Time-Series Based Performance DB:

[0053] To facilitate fast and easy access to monitoring and performance data collected from various network elements, services and applications, while using minimal amount of disk space, a time-series based performance database is implemented in the appliance. The performance counters and their values of monitor objects are stored as performance data records in performance data files within the folders named after the day they were collected. The transient performance counters are not saved in the database. The performance data being collected is kept in memory by the system until the data is saved to the file system, which is done periodically. Thus, the periodic saving of performance data collected by the system in memory will reduce the disk input/output time, which is the major performance bottle-neck in today's computer technology. The performance data files arranged as folders named by date will allow fast and easy access while generating and browsing historical and current performance data reports.

Multi-Threaded Architecture:

[0054] For high performance computing and faster response time, the system design is based on multi-threaded architecture. The architecture leads to higher performance, faster communication and sharing of process space and data.

Built-in Web Server:

[0055] In order to provide a fast and efficient web interface to the system, the web server runs within the same process space as other components in the system. This provides a fast and efficient interface as the process and data spaces are shared.

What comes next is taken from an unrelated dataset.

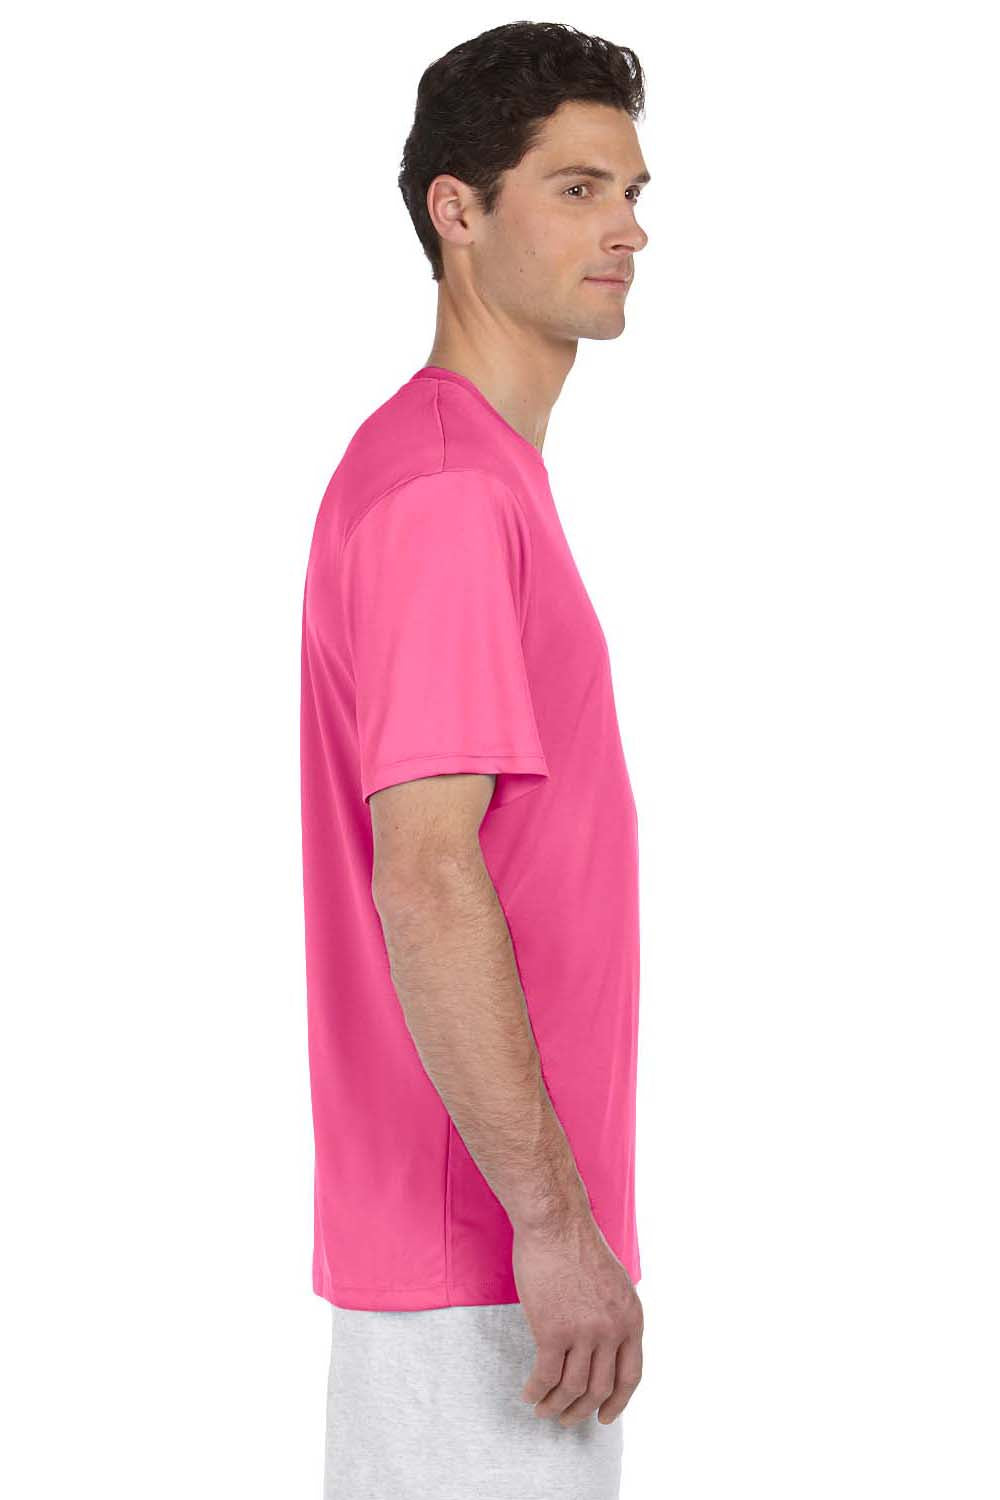 Hanes Men's Long Sleeve T-Shirt Men Cool DRI Performance Athletic Wicking  XS-3XL

Central Repository & Designer:

[0056] In order to consolidate and configure all the configurable parameters in the system (300) under one sub-application, the Designer (302) is used as seen in FIG. 3. The Designer (302) is a one-stop configuration utility for the whole system (300) while the sub-application is termed the `Central Repository` (304). All the configurable parameters are arranged hierarchically as "resources". A standard editor or a special editor can edit these resources through a web interface (306). The changes in the configuration are updated even while the system (300) is running. The total configuration information is saved in the `Central Repository` (304).

Applet-Based Technology:

[0057] In order to eliminate the need to install the NetGain software in client PCs, a Web-based client (306) for the system (300), NetGain Enterprise Manager, is created. This client (306) provides an anytime, anywhere interface to configure, monitor and maintain the system through a standard web-browser. The applet based Desktop (306) can be run from the home page of the NetGain Enterprise Manager (300) device within a web-browser such as Internet Explorer. This provides the interface to start various other applications such as auto-discovery, network/service configurators, topology window, alarm viewer.

Agent-Based Technology:

[0058] To provide monitoring data to the appliance (400) and scripting support for systems, services and applications that need more than what SNMP support (402) provides or those that lack SNMP support, an agent (404) can be installed as shown in FIG. 4. The agent can be installed and run on various operating systems such as Windows 98/2000/NT/XP, Linux, Solaris, HPUX, IBM-AIX etc. The agent is able to discover and provide monitoring support (406) for various types of services and applications. Additionally, it can provide scripting support in the native system's (408) scripting language. Thus, a high level of local control can be achieved over the monitored system with the installation of a lightweight agent (404).

Role-Based Security:

[0059] In order to provide multi-user access to the system based on access rights (500) and domain rights, an access system is set up where the access for users (502) to the system is based on the role (504) a user (502) belongs to. The role (504) of a user (502) contains the access rights (500) and the domain rights, such as allowed resources like a set of computers in a subnet. Once the user (502) is logged into the system, the interface and its components depend on the user's access rights (500) and domain rights. The various actions that are restricted will check for the access rights (500) of the user (502) if required. Thus, there is a centralised allocation of access rights (500) and domain rights to a role. Multiple users (502) can also share the same role.

Proactive Monitoring

Lightweight Monitors & Collectors

[0060] In this example embodiment, the appliance (600) can perform data collection for service level and performance monitoring such as shown in process (602) through a wide variety of lightweight monitors and collectors. The collectors and monitors collect fault and service level information from a wide range of devices, databases, logs and other sources (604) as can be seen in FIG. 6.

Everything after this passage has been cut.